On the Potential of Large Language Models to Solve Semantics-Aware Process Mining Tasks
This work addresses the problem of automating complex process mining tasks for industries relying on semantic understanding, but it is incremental as it builds on existing LLM applications with new fine-tuning approaches.
The paper systematically explores the capabilities of large language models (LLMs) to solve semantics-aware process mining tasks, such as process discovery and anomaly detection, and finds that fine-tuned LLMs achieve strong performance across various process types and industries.

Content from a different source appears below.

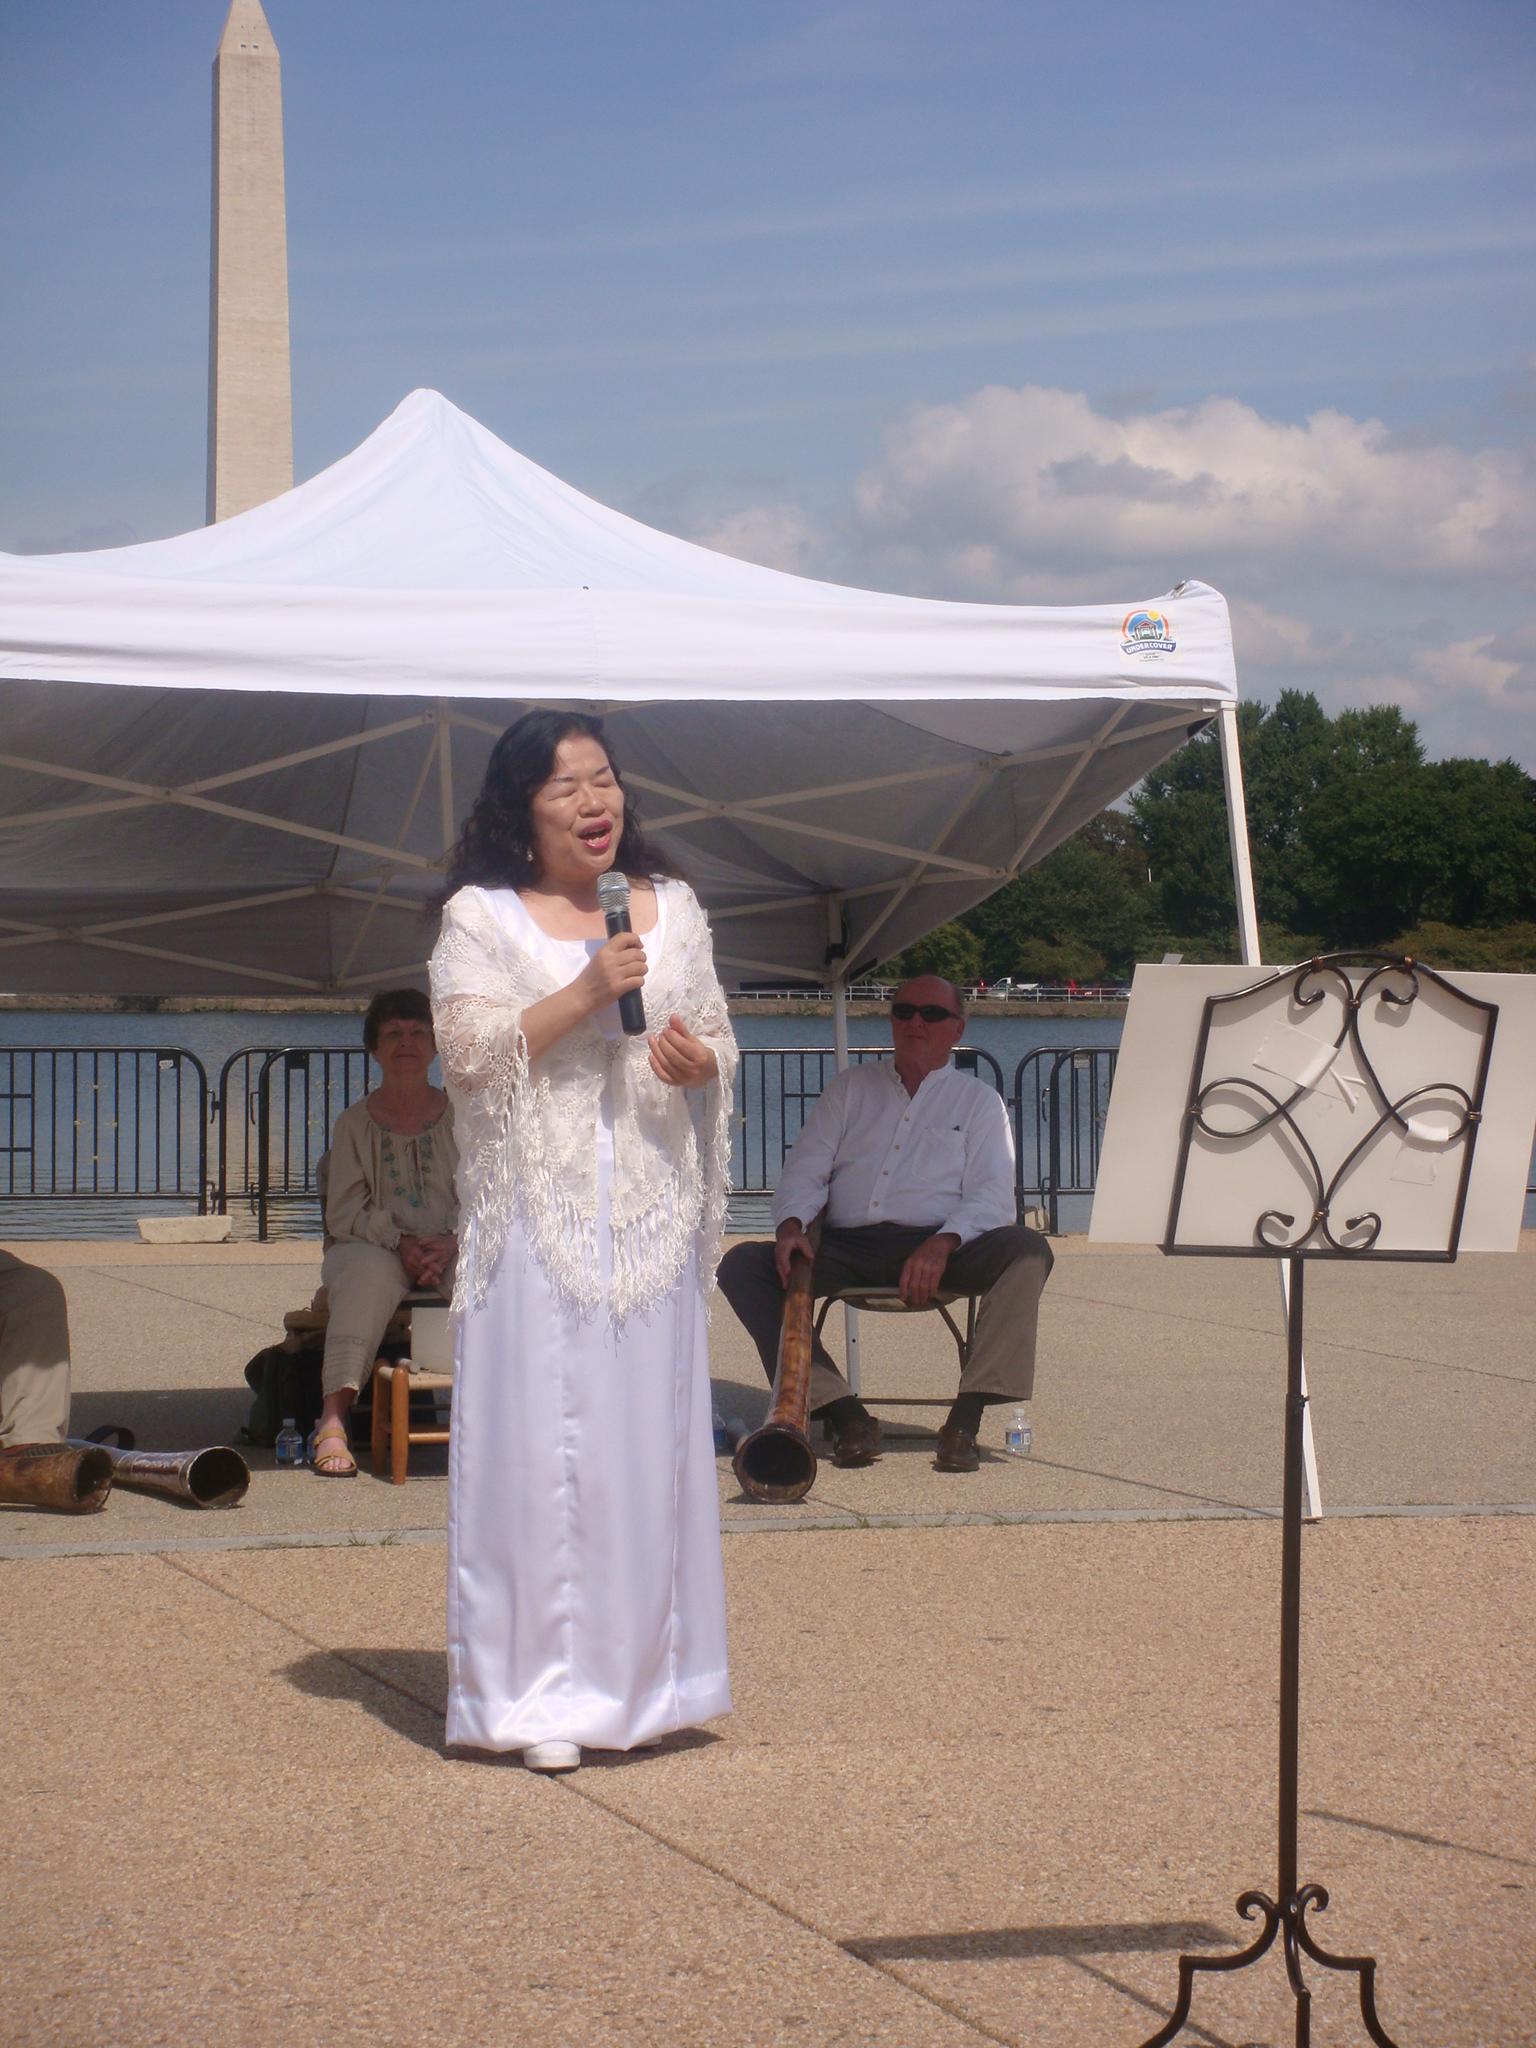 japenese lady singing
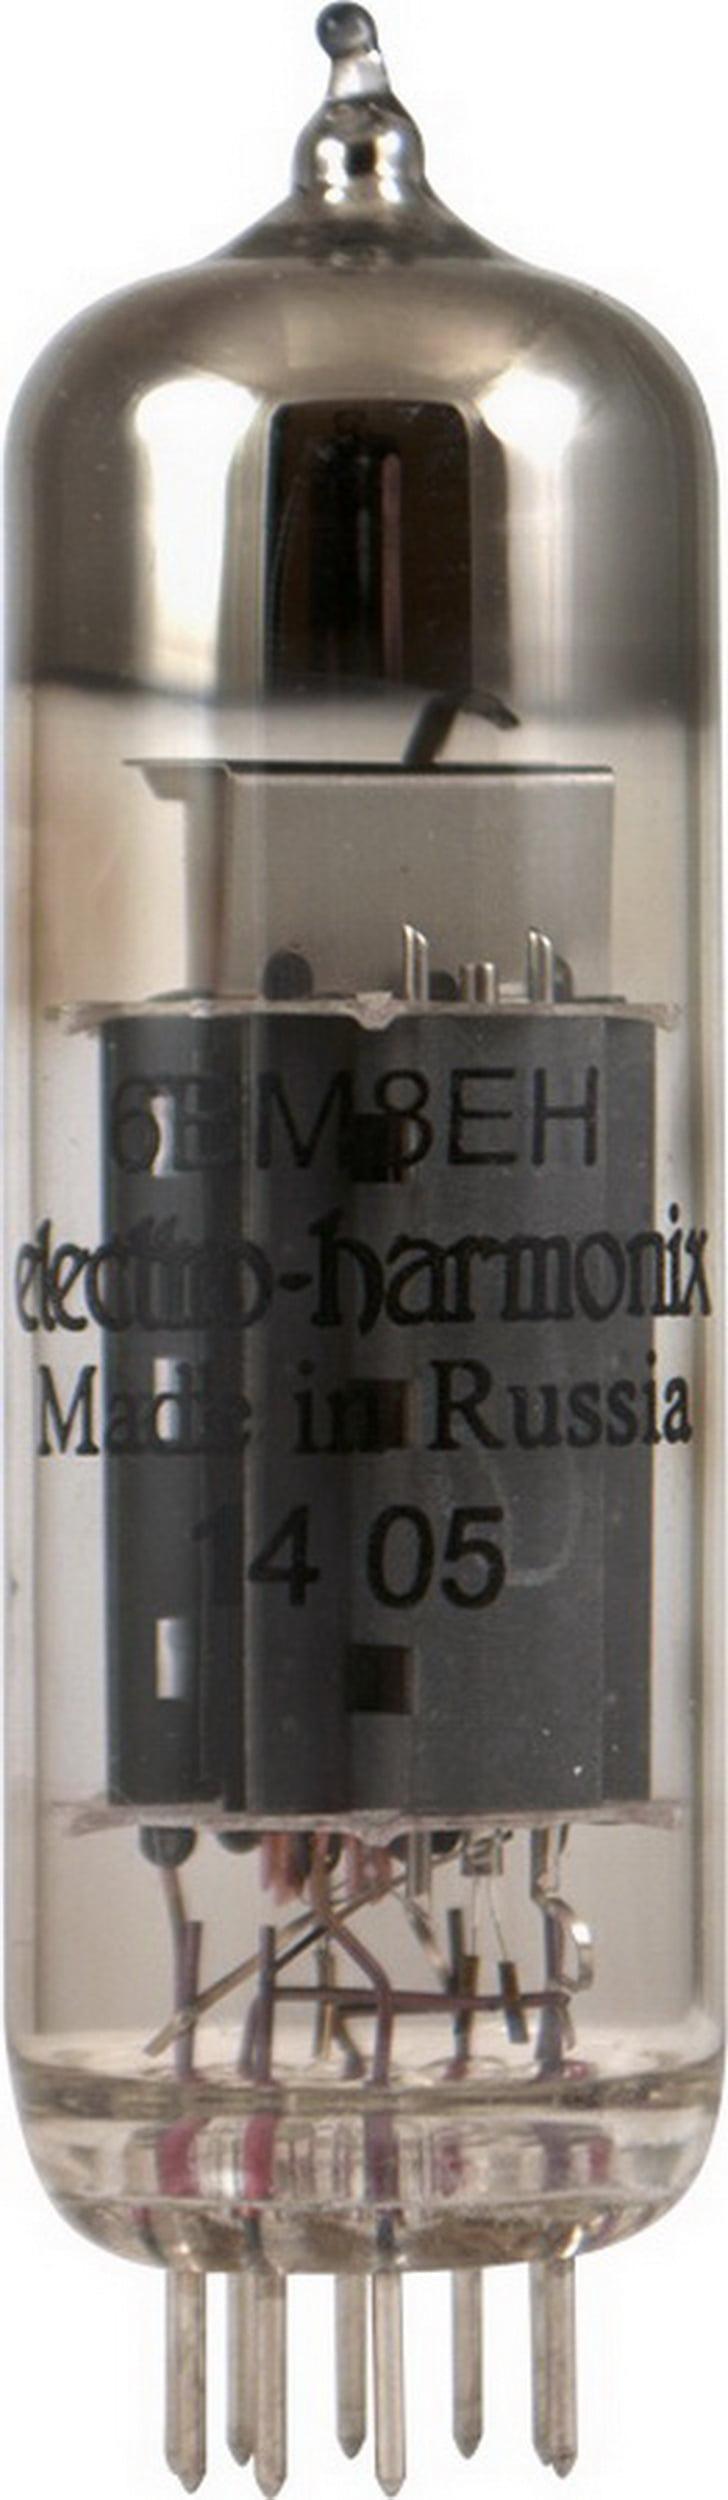 6BM8 Electro-Harmonix by

Large language models (LLMs) have shown to be valuable tools for tackling process mining tasks. Existing studies report on their capability to support various data-driven process analyses and even, to some extent, that they are able to reason about how processes work. This reasoning ability suggests that there is potential for LLMs to tackle semantics-aware process mining tasks, which are tasks that rely on an understanding of the meaning of activities and their relationships. Examples of these include process discovery, where the meaning of activities can indicate their dependency, whereas in anomaly detection the meaning can be used to recognize process behavior that is abnormal. In this paper, we systematically explore the capabilities of LLMs for such tasks. Unlike prior work, which largely evaluates LLMs in their default state, we investigate their utility through both in-context learning and supervised fine-tuning. Concretely, we define five process mining tasks requiring semantic understanding and provide extensive benchmarking datasets for evaluation. Our experiments reveal that while LLMs struggle with challenging process mining tasks when used out of the box or with minimal in-context examples, they achieve strong performance when fine-tuned for these tasks across a broad range of process types and industries.